Гражданин О (СИ) - "Amycus" - Страница 42
- Предыдущая
- 42/53
- Следующая
Гоша молча забрал презерватив, что-то пробормотал себе под нос, а потом дернул Олеся за бедра, заставляя выгнуться и выставить задницу максимально высоко.
Поза была странной: раньше трахал он, а не его, и ощущать себя девочкой, или нет, мальчиком, но тем, который снизу, оказалось совсем не страшно и заводило еще сильнее.
Гоша положил ладони на его задницу, раскрыл еще шире и толкнулся. Член Олеся торчал параллельно животу, на головке выступила смазка, яйца поджимались не только от похоти, а и от предвкушения, и когда Олесь почувствовал, как в него протискивается это огромное, твердое — попытался расслабить мышцы.
Боль была, но не такая запредельная, как он ожидал. На форуме писали, что бывают мужчины, которым даже в первый раз совсем не больно, а только в кайф. Видимо, Олесю повезло.

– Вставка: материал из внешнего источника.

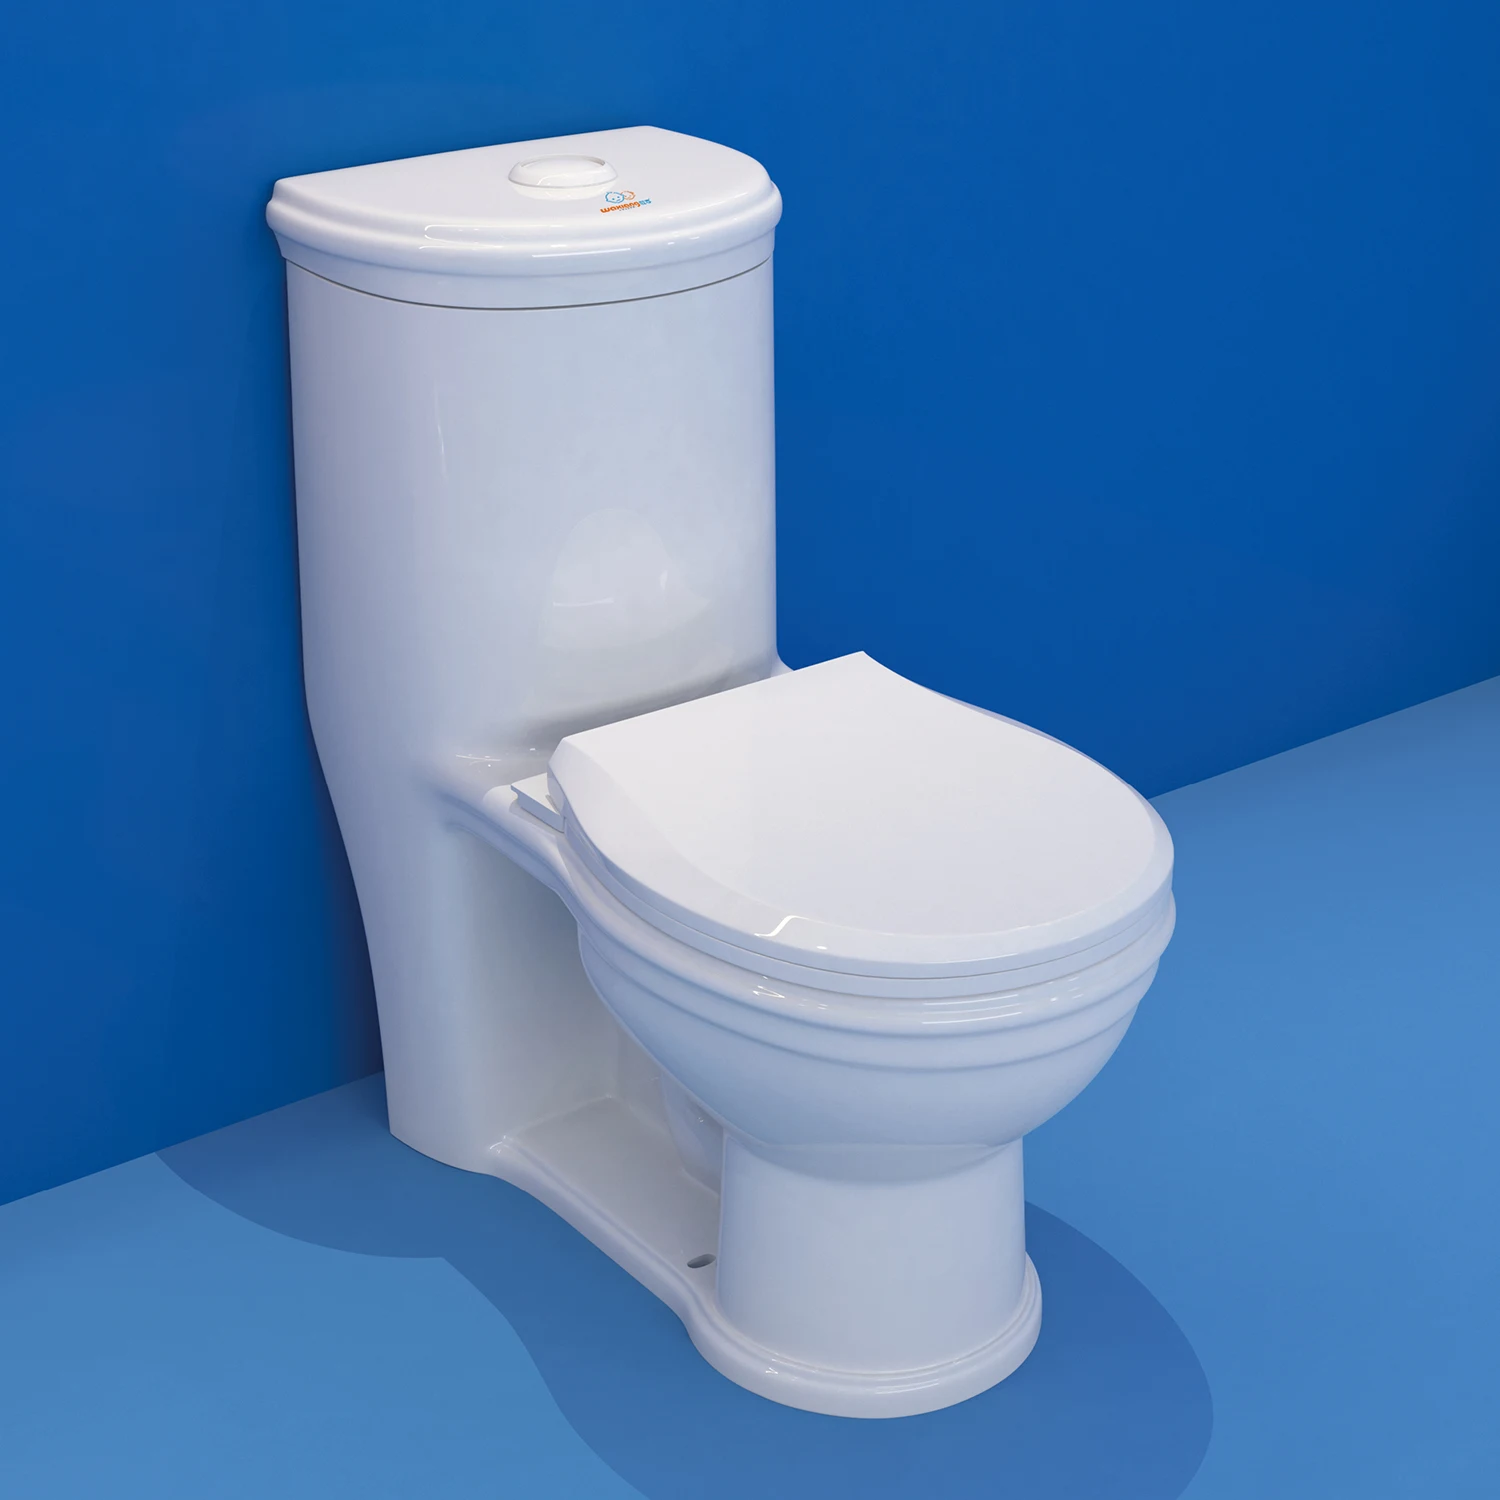 best junior toilet manufacturer in china -- waxiang ceramics

Он попытался раскрыться еще больше, уперся в кровать лбом и почувствовал на своих бедрах Гошины пальцы. Тот двигался медленно и, вопреки ожиданиям Олеся, молчал, хрипло дыша. Ощущения были странными, Олесь прислушивался к себе, слушал Гошино дыхание и очень хотел прикоснуться к члену, но почему-то стеснялся дрочить при Гоше, а очень хотелось. Скоро Гордеев прижался к его спине грудью и сам протянул руку к его паху. Член скользнул глубже, и тут Олесь почти заорал от удовольствия.
— О-ох… — отозвался на это Гоша и сразу же стал двигаться быстрее.
Олесю хотелось кричать и говорить пошлости. Он снова постеснялся, но Гоша увеличил темп, напрашиваясь сам. Легкая боль от проникновения слегка отрезвила, и Олесь даже смог сложить буквы в слова:
— Гордеев… — выдохнул он, собирая в кулак тонкую ткань простыни, — ты… так… охуенно… меня… трахаешь…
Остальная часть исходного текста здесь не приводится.